● DATA PROVIDED
++++++++++++++++++++
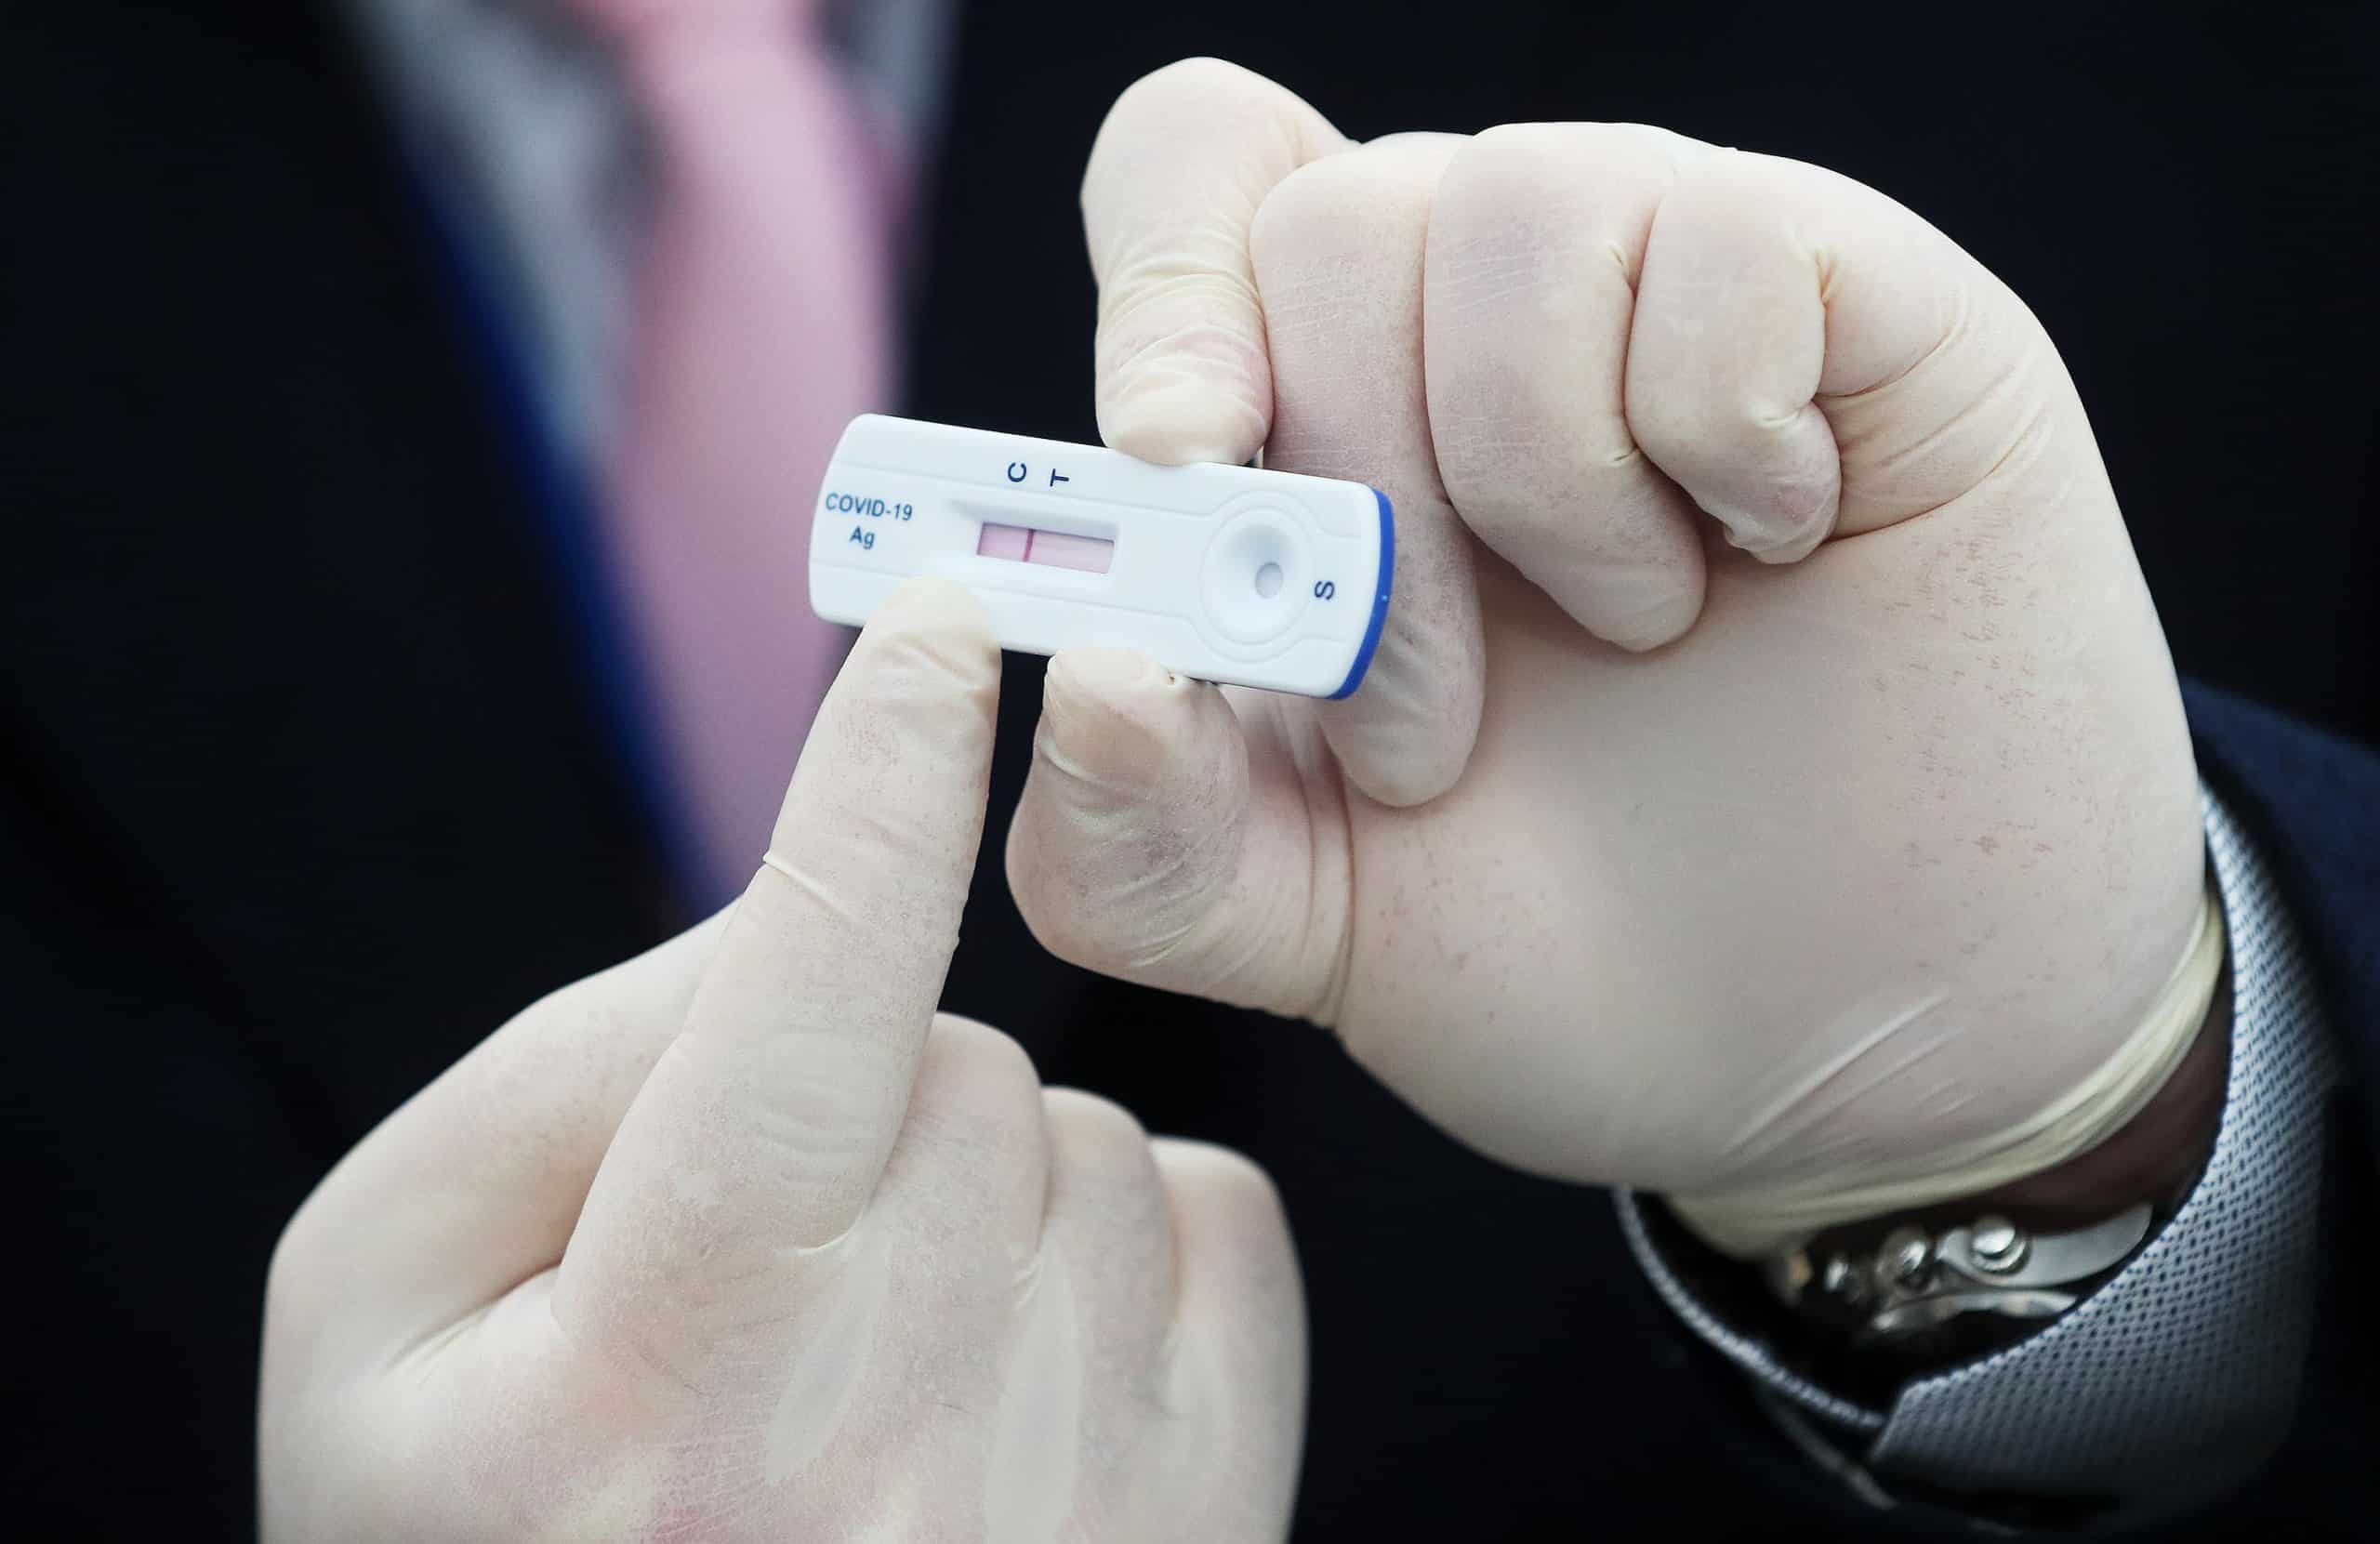 Covid testing firm ‘selling swabs carrying customers’ DNA’ to third parties
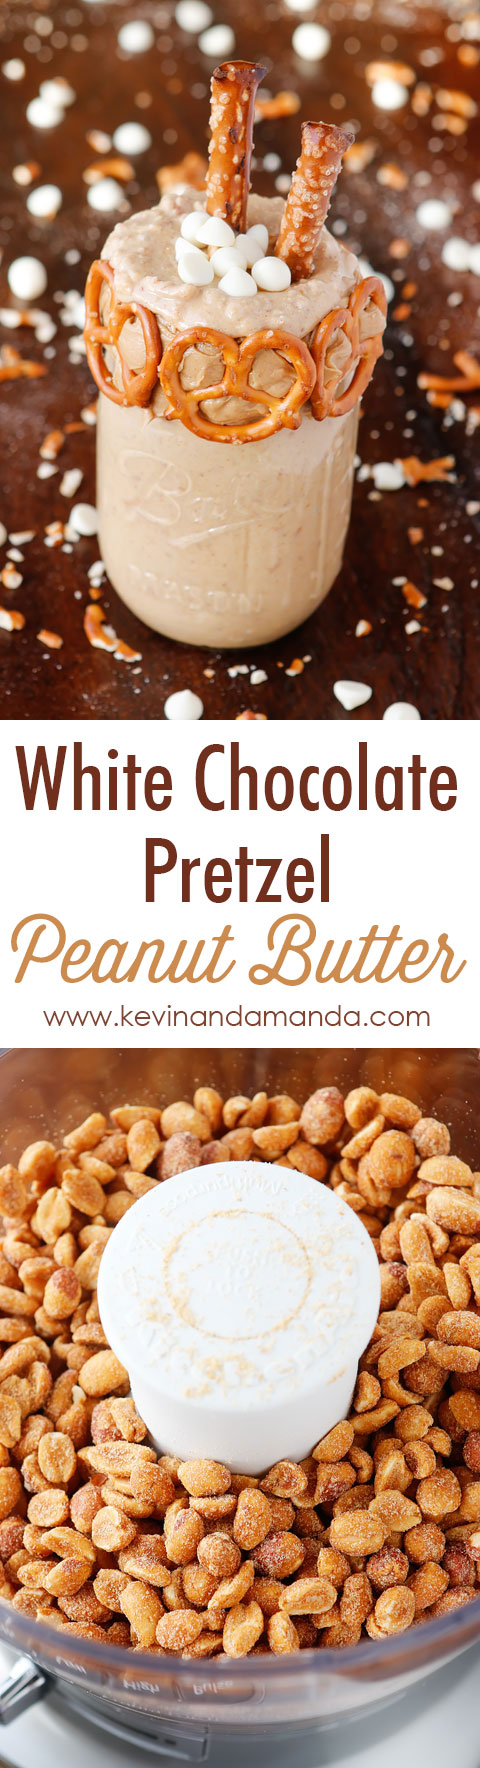 White Chocolate Pretzel Peanut Butter. This is literally the BEST thing I have EVER tasted!!!
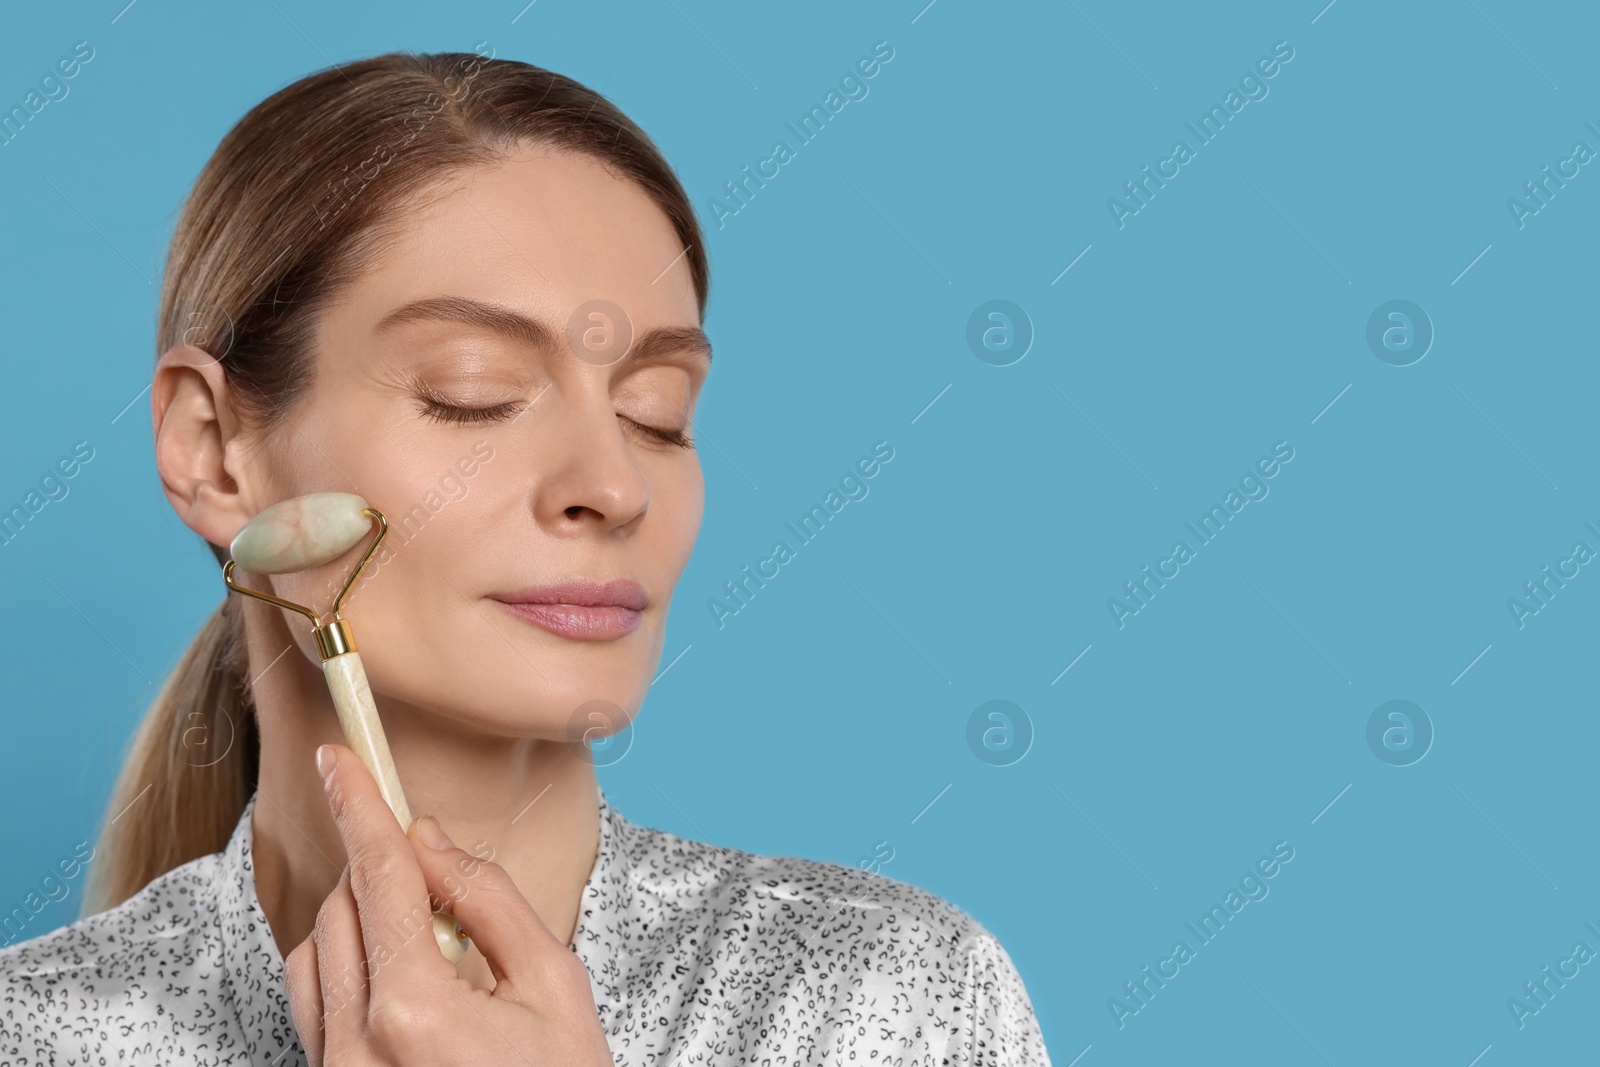 Photo of Woman massaging her face with jade roller on turquoise background. Space for text
++++++++++++++++++++
● TASK DESCRIPTION
Pictures stay out. Write out everything else in the material exactly.

● FINISHED TASK
 Covid testing firm ‘selling swabs carrying customers’ DNA’ to third parties
 White Chocolate Pretzel Peanut Butter. This is literally the BEST thing I have EVER tasted!!!
 Photo of Woman massaging her face with jade roller on turquoise background. Space for text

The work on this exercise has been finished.